- Born: 30 January 1928 (age 98) Gwalior, Madhya Pradesh
- Education: M.A. in Sanskrit and Hindi and Doctor of Philosophy
- Alma mater: University of Allahabad
- Occupation: Teacher
- Years active: 1971-1972 to 26 January 2013
- Spouse: Pramila Musalgaonkar
- Parent: Mahamahopadhyay Sadasivashastri
- Awards: President's Award in 2008; Kalidas Samman in 2012-2013; Vishwa Bharti Award in 2017; Padma Shri in 2018;
- Honours: Certificate of Honor by President of India

= Keshavrao Musalgaonkar =

Indian educationalist and Sanskrit scholar (born 1928)
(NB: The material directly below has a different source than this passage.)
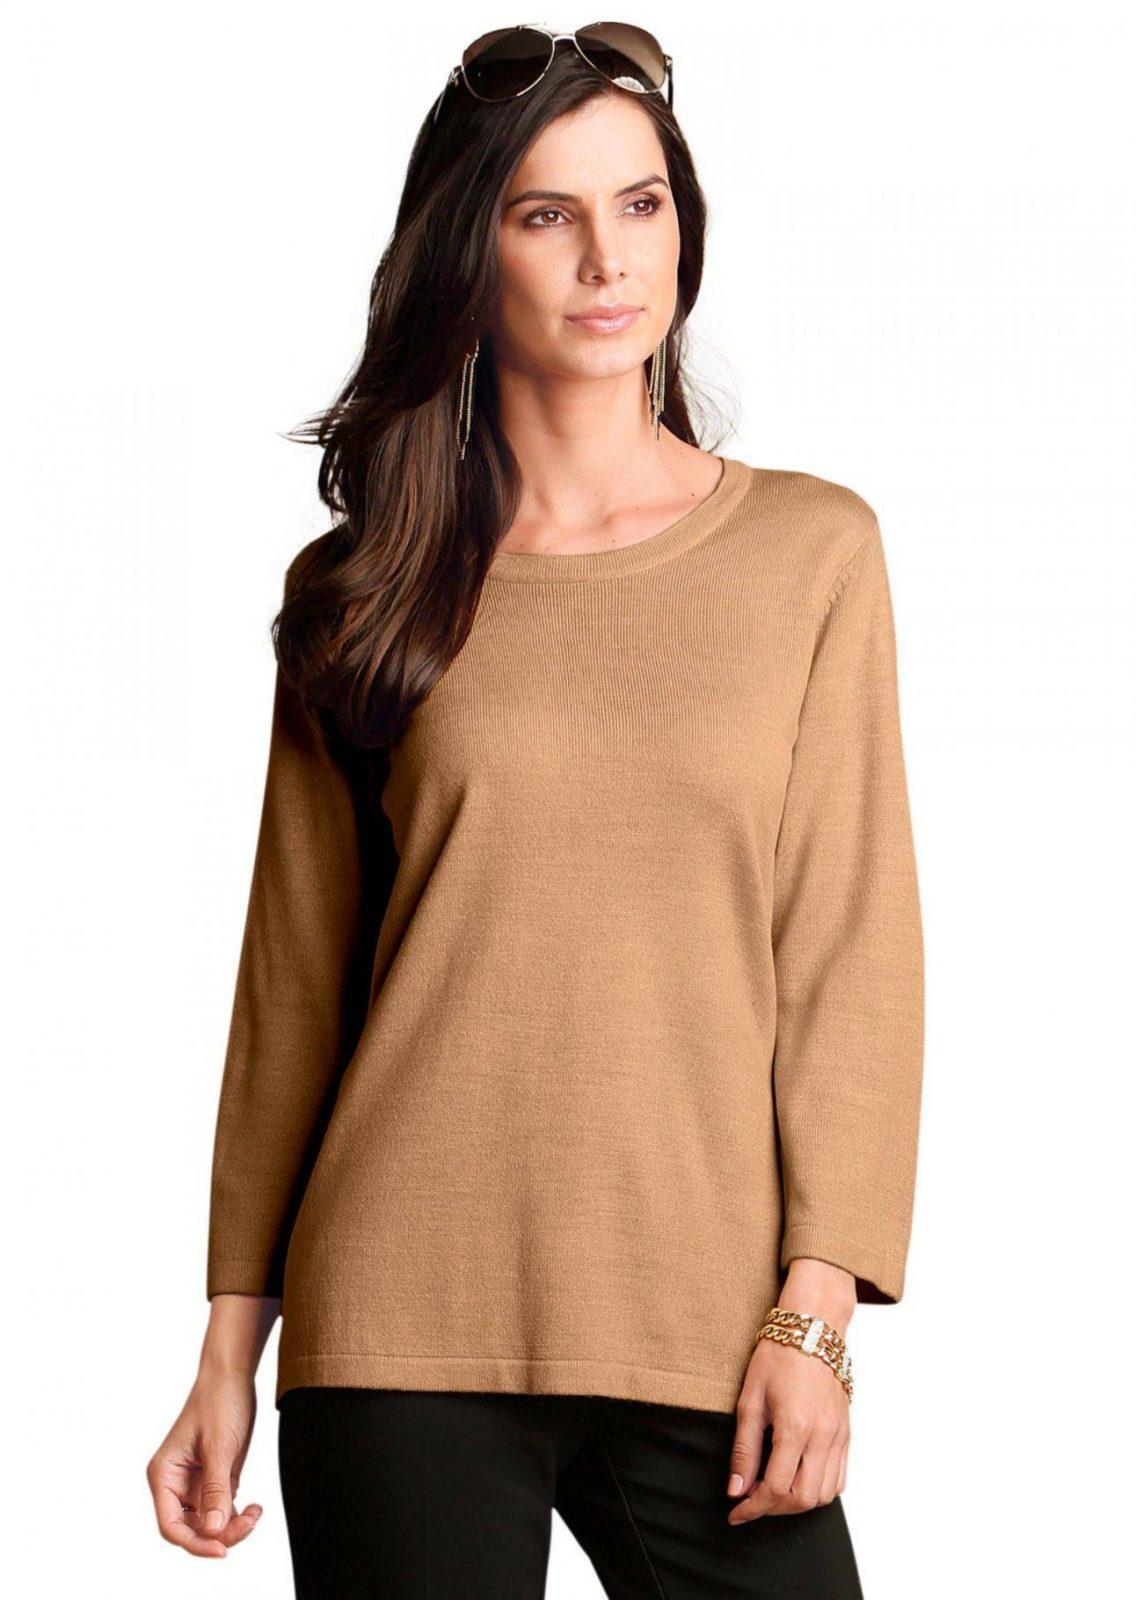 Pullover Mit Modischem Dreieckschal Online Kaufen  Atelier Goldner von Atelier Goldner Schnitt Lagerverkauf Photo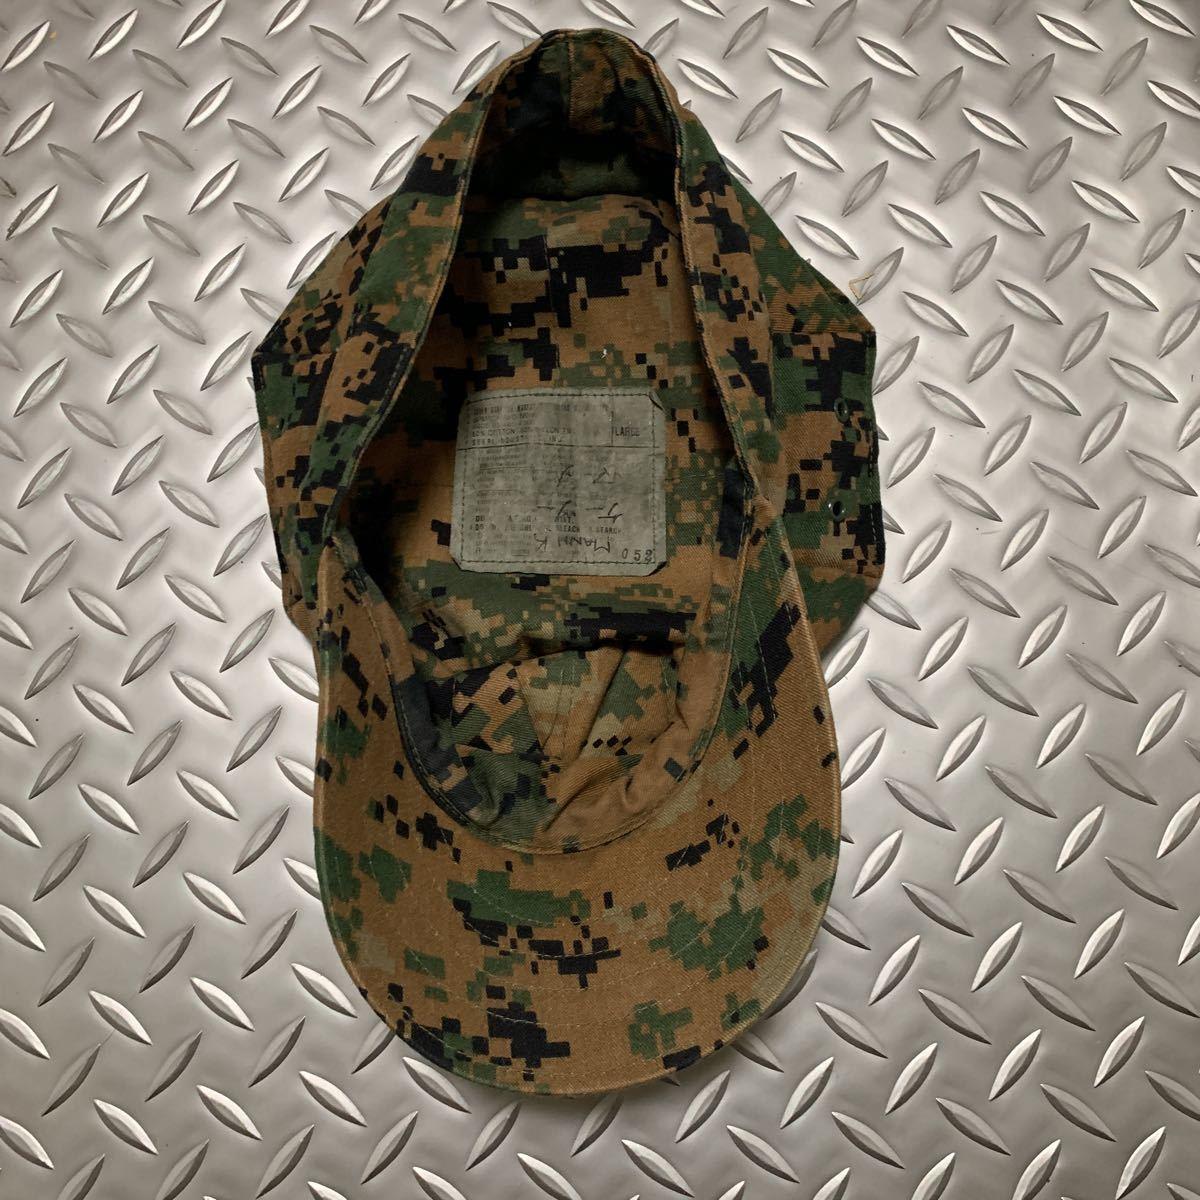 米軍 実物 新品 USMC 海兵隊 マーパット 帽子 サイズ L ミリタリーキャップ パトロールキャップ _画像4

Keshav Rao Sadashiv Rao Shastri Musalgaonkar (born 30 January 1928) is an Indian educationalist and Sanskrit scholar known for writing book of two thousand page at the age of 90.

== Personal life ==
Musalgaonkar was born on 30 January 1928 in Gwalior. He is son of Mahamahopadhyay Sadasivashastri. He is married to Pramila Musalgaonkar.

== Career ==
Musalgaonkar has done MA. in Sanskrit and M. A. in Hindi from University of Allahabad and holds Doctor of Philosophy. He has been served as a teacher. He retired on 26 January 2013 after 41 years of working.

== Awards and honours ==

=== Awards ===
- Kalidas Samman in 2012-2013
- Padma Shri in 2018
- President's Award in 2008
- Vishwa Bharti Award in 2017

=== Honors ===
- Congratulated by Shivraj Singh Chouhan, Chief Minister Of Madhya Pradesh on 11 February 2018
- Certificate of Honor by President of India
- Student of Vikram University is doing Doctor of Philosophy on his writing work.
- His written books are in courses of Vikram University and Bastar Vishwavidyalaya.